У нас стало хорошим тоном по возможности меньше говорить о том, как мы пишем, что мы при этом чувствуем, каковы у нас запасы наблюдений, какова наша творческая кухня. Хоть и знаю, что погрешу против хорошего тона, но все же приоткрою дверь в свою творческую кухню, в свои кладовые, где сложены мои внутренние резервы. Что там имеется?

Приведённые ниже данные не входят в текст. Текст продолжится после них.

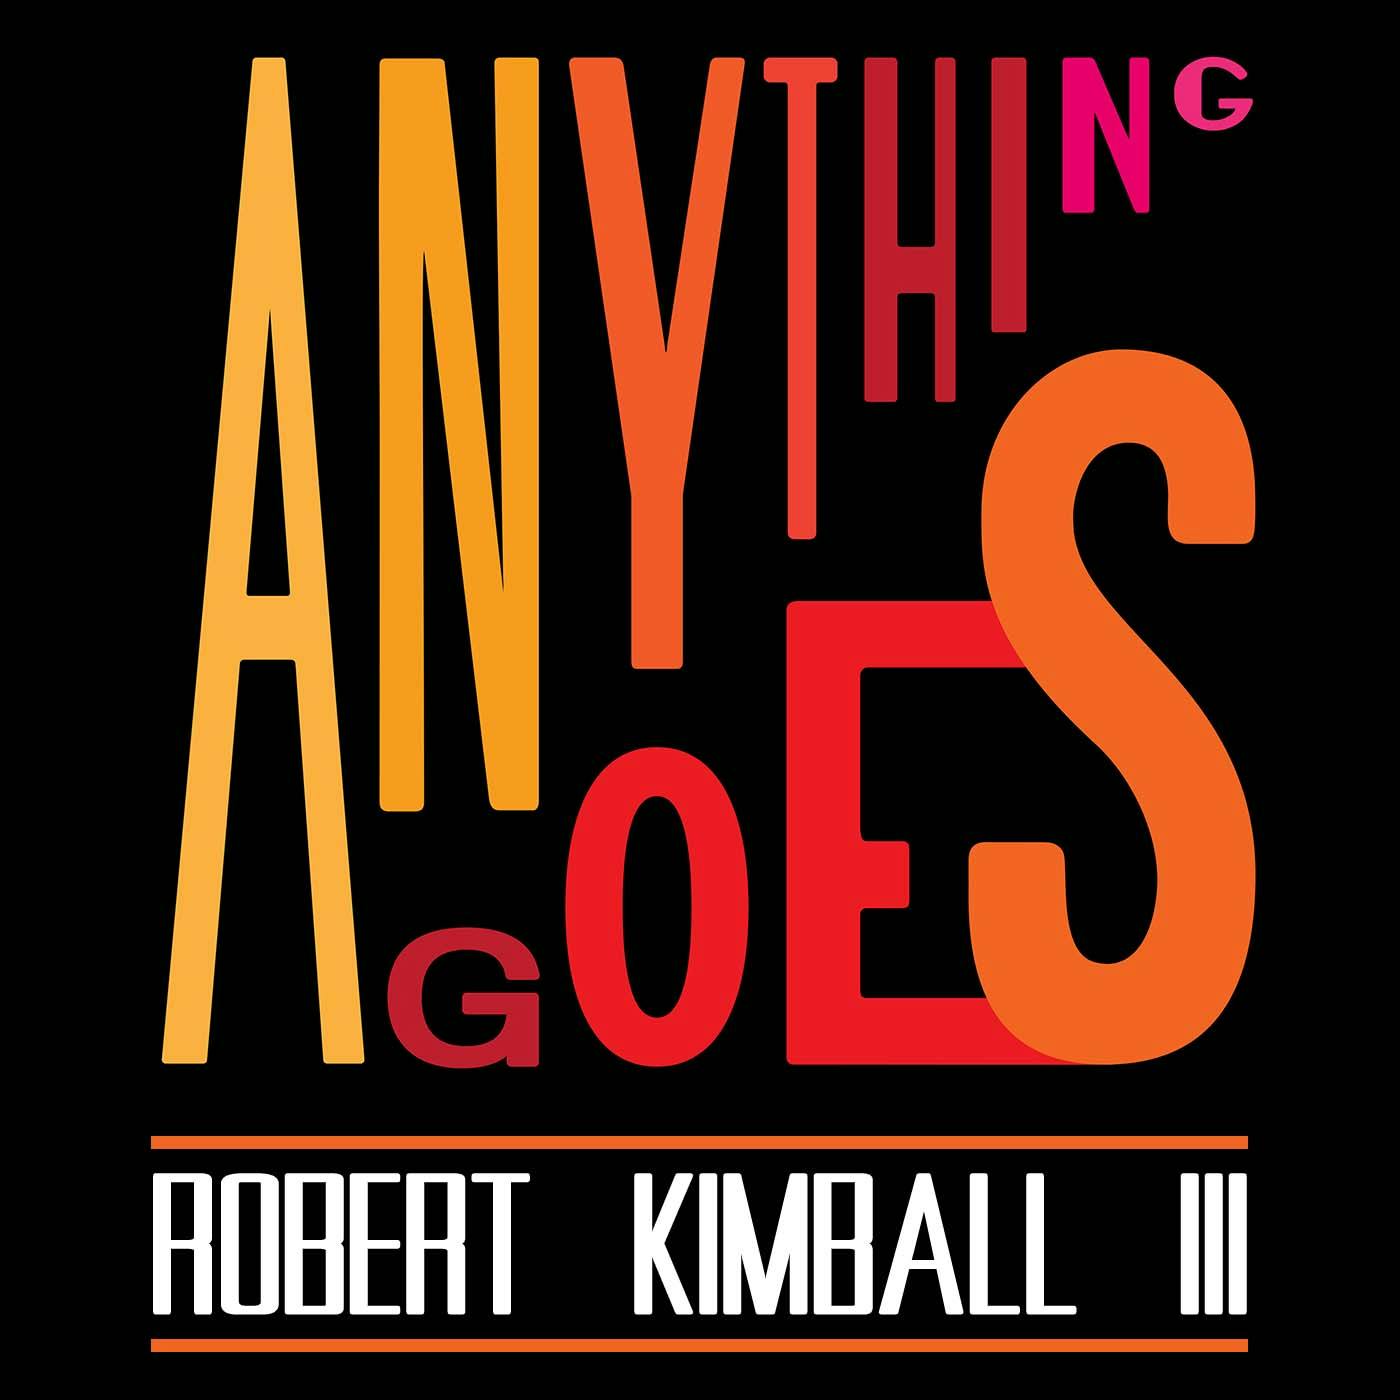 60 Robert Kimball III

Очень яркие воспоминания детства, настолько яркие, что они не потускнели от времени. Несколько раз я пытался описать то, как ясным и сверкающим апрельским утром с тихим звоном падают капли с нежных и прозрачных, словно стекло, сосулек, появившихся ночью, как спит ветер, как чуток и молод ближний лесок, как звонко распевает таким утром хор петухов в деревне. Но ничего не выходит. Я отчётливо ощущаю и слышу все, но передать это, столь лучистое и хрустально ясное, столь дорогое детскому сердцу, выше моих сил. Я хорошо помню несколько благостное настроение, чувство беспокойства и скуки, ощущение, будто время остановилось, — словом, все то, что испытывали мы, дети, во время домашних молебнов по воскресным утрам, хоть нам и нравилось церковное пение, хоть бог моего отца был прежде всего добр, умен и милосерден. Таким же был и сам отец. Сколько я его помню, он всегда был седым, обычно его длинные волосы слегка выбивались на лоб из-под кожаной шапки. Он был шести футов роста, худой и слегка сутулый. У него была округлая шкиперская бородка, орлиный нос, проницательные глаза цвета серой морской воды, высокий, далеко слышный голос и доброе сердце. Нас, детей, было много, мы так и кишели на каменном полу нашей избы, но никого из нас никогда не били. Наказывали словом. Отца мы звали «папой», мать «мамой», но никакой такой бутафории, как лобызания да «миленький», «золотко», «папочка», «мамочка», мы не знали. «Молодец», «молодчина», «молодчага» — это была у нас самая большая похвала, и поскольку слышали мы её редко, то радости она нам приносила на целый день. Мы боялись и уважали отца. И если порой слишком уж озорничали, то отцу было достаточно сказать лишь: «Вот получите в штаны можжевельника!» — как порядок тотчас восстанавливался. Между прочим, однажды он наказал таким способом сынишку моей сводной сестры. Помню, как тот стоял у печки и у него из штанов торчала веточка можжевельника, — провинившийся глотал слезы и боялся пошевелиться. Это была гуманная кара: и не больно, и приходится всё-таки стоять на месте. Вообще же отец давал нам очень большую свободу, он считал естественным, что дети шумят, горланят, тузят порой друг друга и треплют много одежды.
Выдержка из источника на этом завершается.